>>

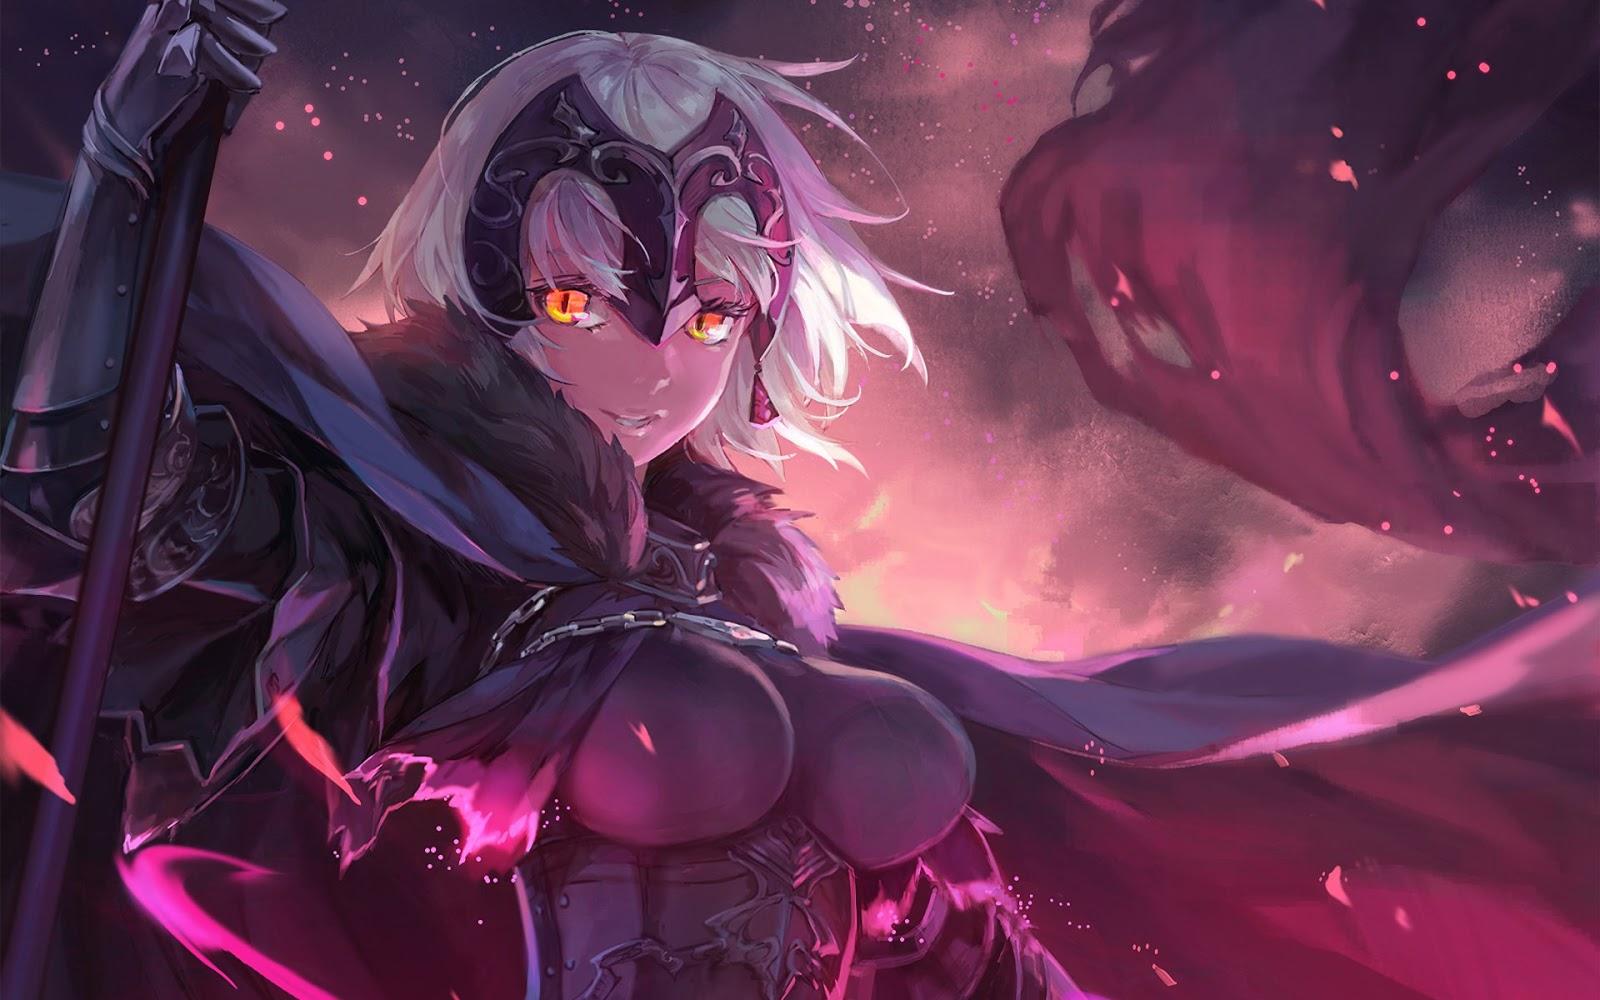 Fate AowVN%2B%252837%2529 - [ Hình Nền ] Anime Fate/GrandOrder tuyệt đẹp Full HD | Wallpaper
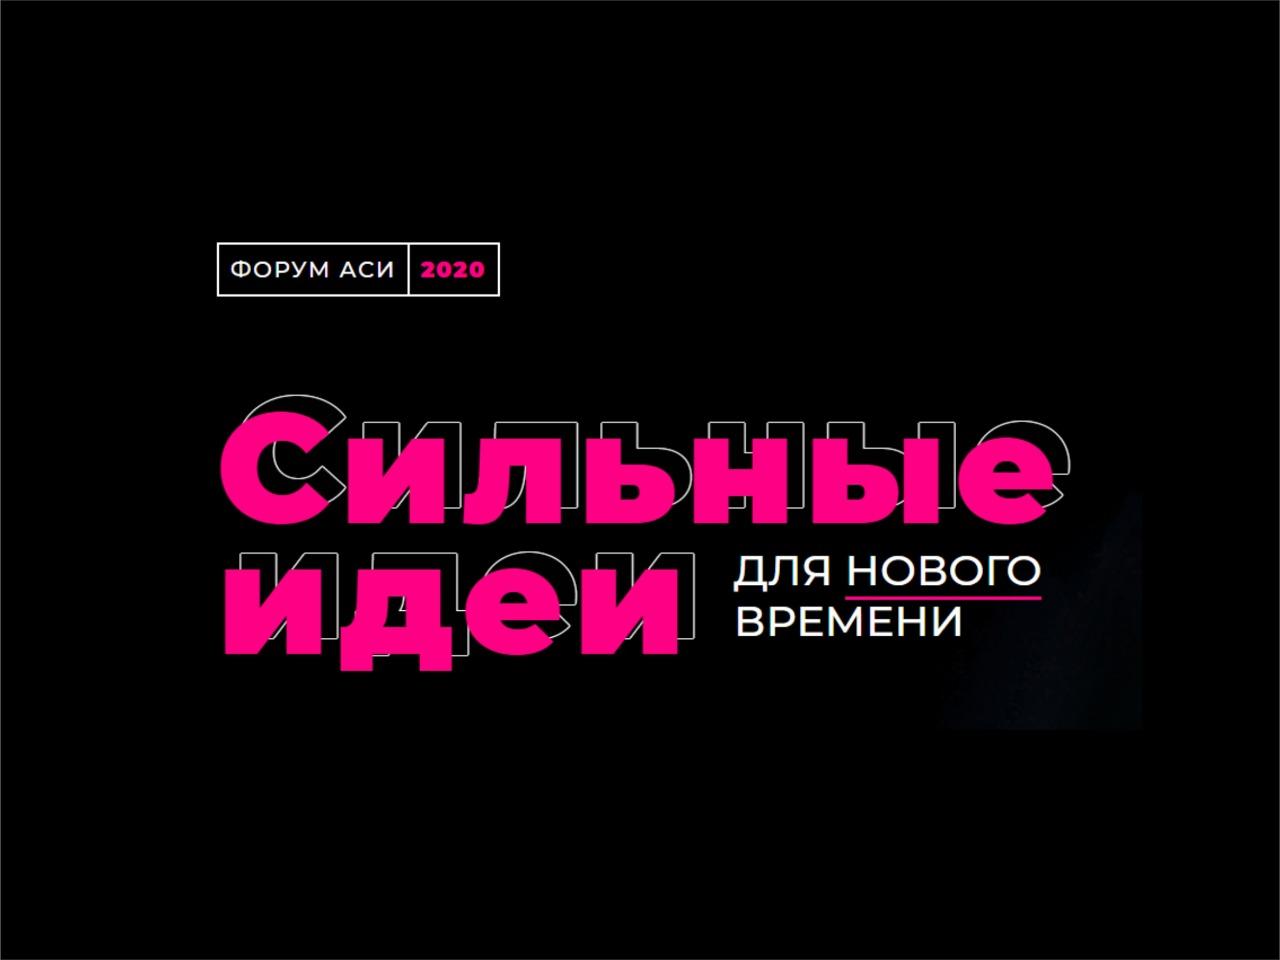 Жители Тверской области могут предложить свои идеи для развития страны
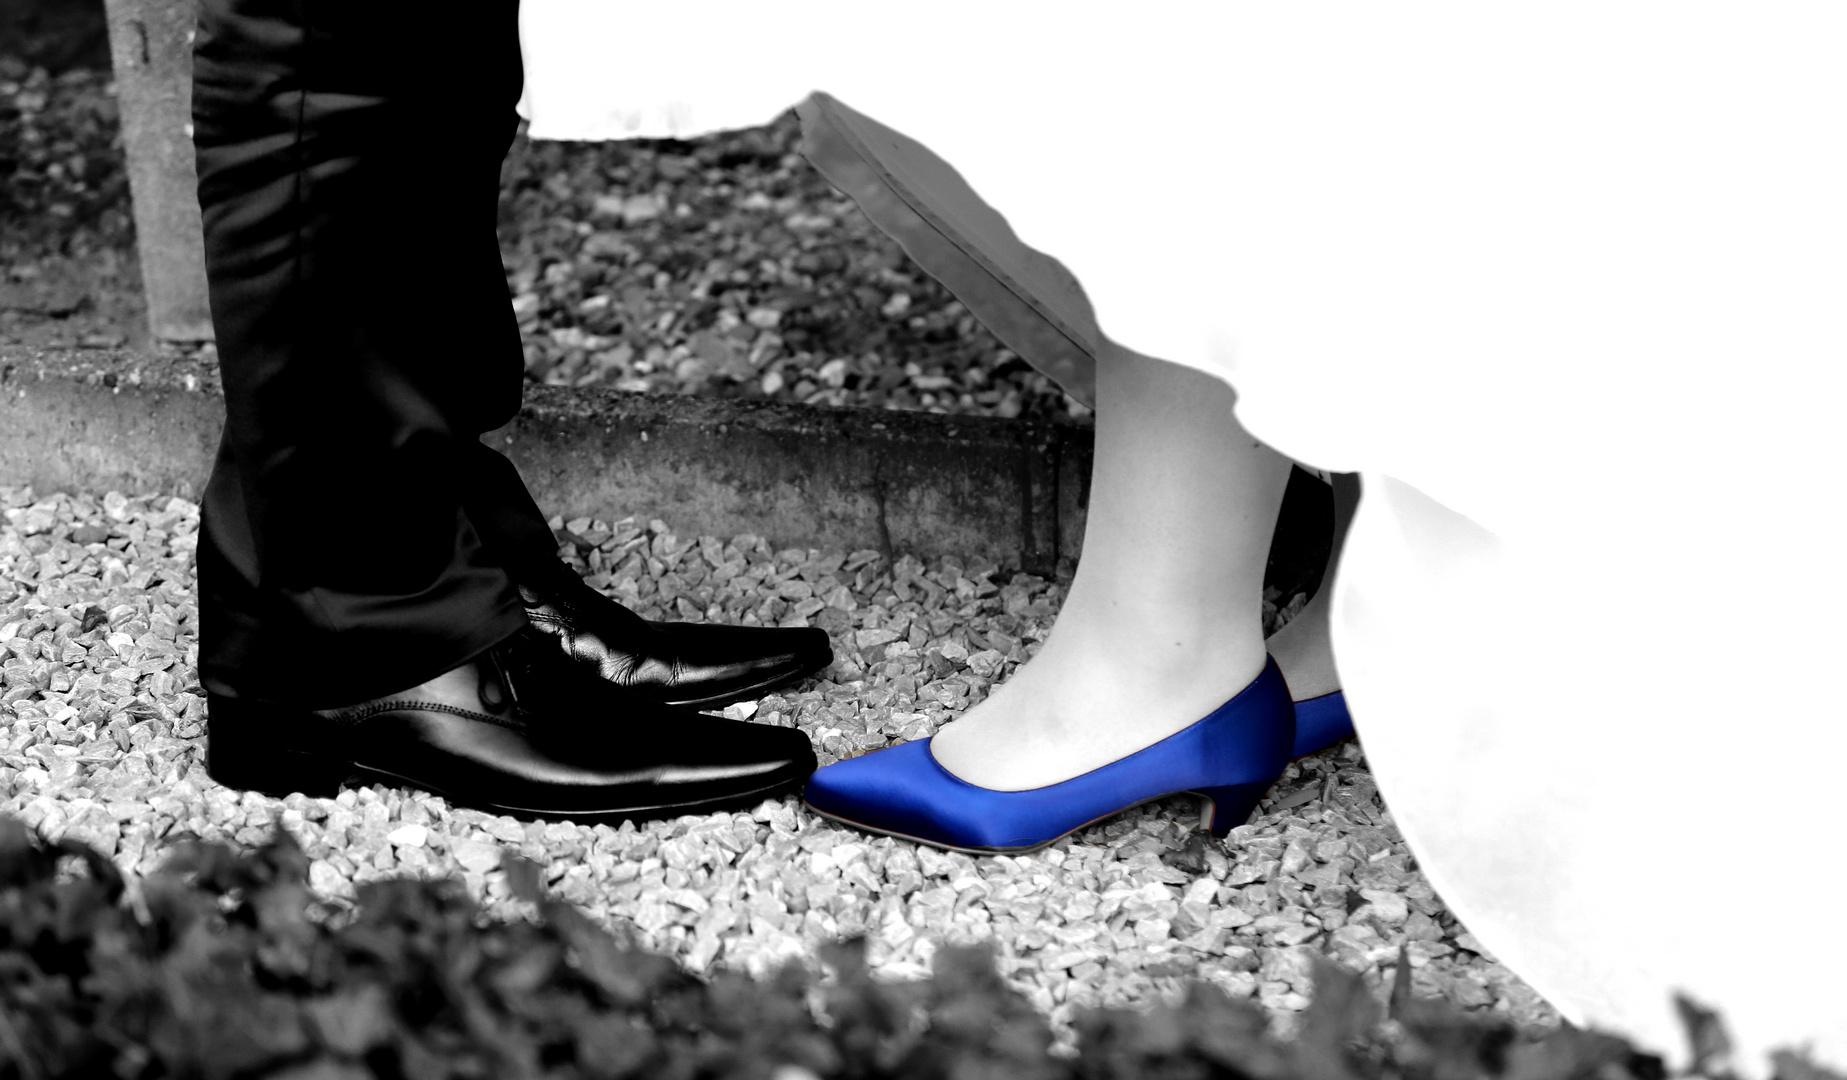 Blaue Brautschuhe :-)

<<

| PROBLEM |
Would you please retype all the data exactly? Leave out whatever pictures it holds.

| RESPONSE |
 Fate AowVN%2B%252837%2529 - [ Hình Nền ] Anime Fate/GrandOrder tuyệt đẹp Full HD | Wallpaper
 Жители Тверской области могут предложить свои идеи для развития страны
 Blaue Brautschuhe :-)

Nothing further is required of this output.